ECLI:NL:CRVB:2015:4444
Centrale Raad van Beroep
- Hoger beroep
- Rechtspraak.nl
Beoordeling van de terugvordering van ZW-uitkering op basis van inkomsten uit zelfstandige arbeid
In deze zaak heeft de Centrale Raad van Beroep op 9 december 2015 uitspraak gedaan in hoger beroep over de terugvordering van een Ziektewet (ZW) uitkering aan appellante, die als zelfstandige was verzekerd. Appellante had zich vrijwillig verzekerd voor de ZW en was op 18 januari 2011 uitgevallen wegens ziekte. Het Uitvoeringsinstituut werknemersverzekeringen (Uwv) had haar met ingang van 20 januari 2011 een ZW-uitkering toegekend, maar later vastgesteld dat haar inkomsten als zelfstandige hoger waren dan het verzekerde dagloon. Hierdoor werd de ZW-uitkering met terugwerkende kracht op nihil gesteld en werd een bedrag van € 10.061,40 teruggevorderd.

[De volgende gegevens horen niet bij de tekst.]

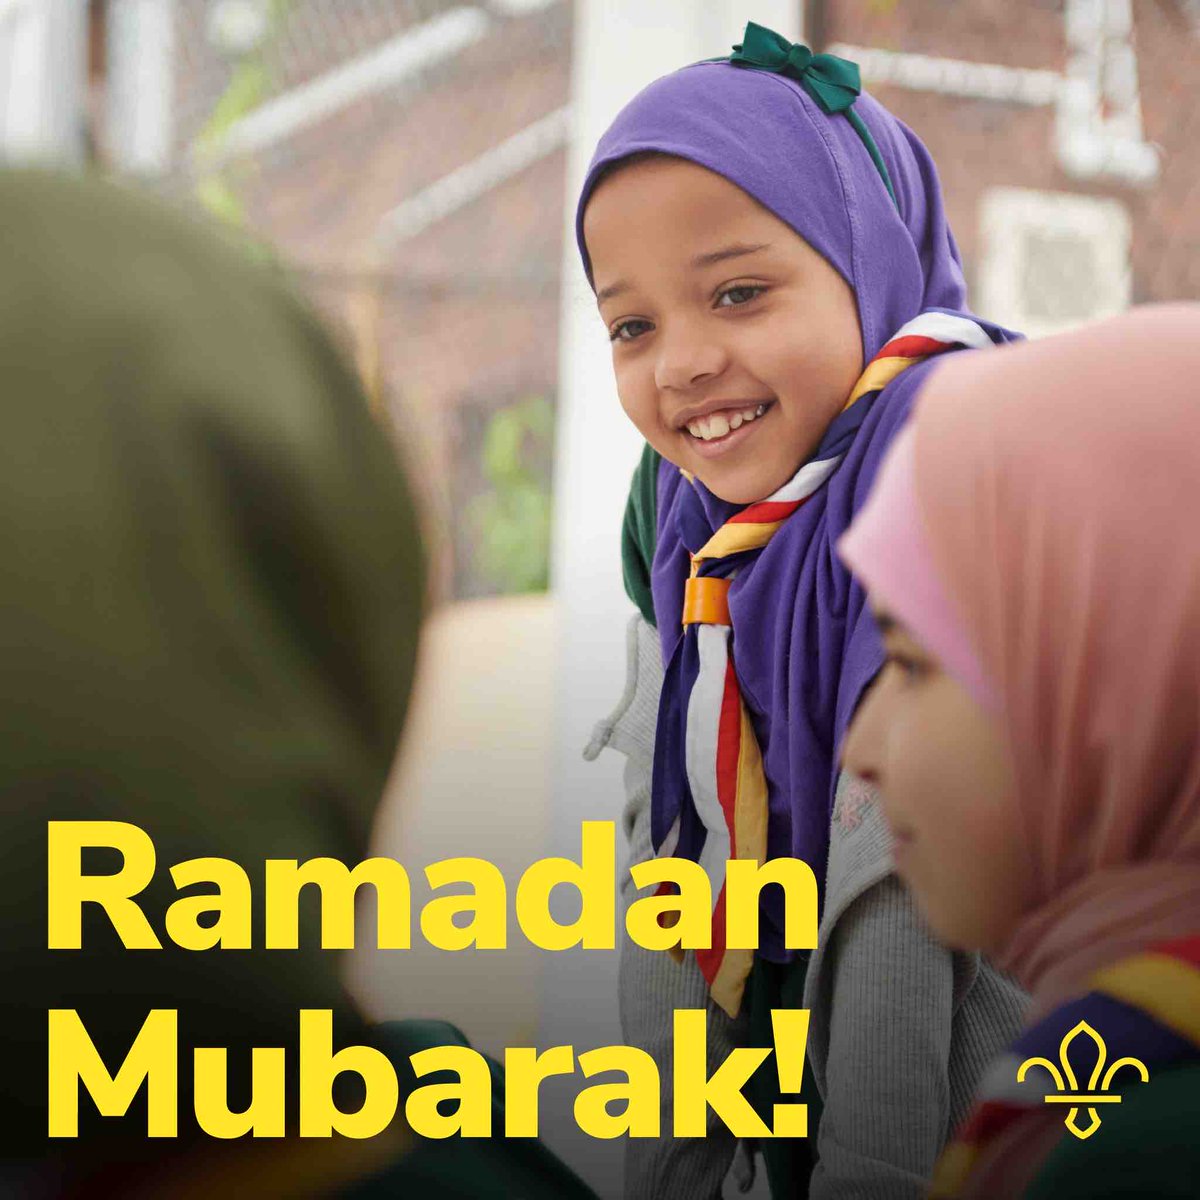 Ramadan Mubarak! 🌙✨ Take a look at ways you can make sure everyone’s included in Scouts, even while fasting. bit.ly/4c6sG3K

De rechtbank had eerder het beroep van appellante gegrond verklaard, maar het Uwv had in een nieuw besluit de bezwaren van appellante ongegrond verklaard. In hoger beroep heeft appellante betoogd dat de toepassing van artikel 31, tweede lid, van de ZW (oud) niet correct was, omdat het dagloon dat zij had gekozen niet representatief was voor haar gederfde inkomen. De Raad heeft echter geoordeeld dat de wetgeving duidelijk is en dat de inkomsten uit zelfstandige arbeid in mindering moeten worden gebracht op de ZW-uitkering. De Raad bevestigde dat het Uwv terecht de ZW-uitkering op nihil had gesteld en dat de terugvordering van het onverschuldigd betaalde ziekengeld gerechtvaardigd was.
De uitspraak benadrukt de verantwoordelijkheid van de verzekerde om zich bewust te zijn van de gevolgen van hun gekozen dagloon en de impact van hun inkomsten op de ZW-uitkering. De Raad heeft de aangevallen uitspraak van de rechtbank bevestigd en geen aanleiding gezien voor een veroordeling in de proceskosten.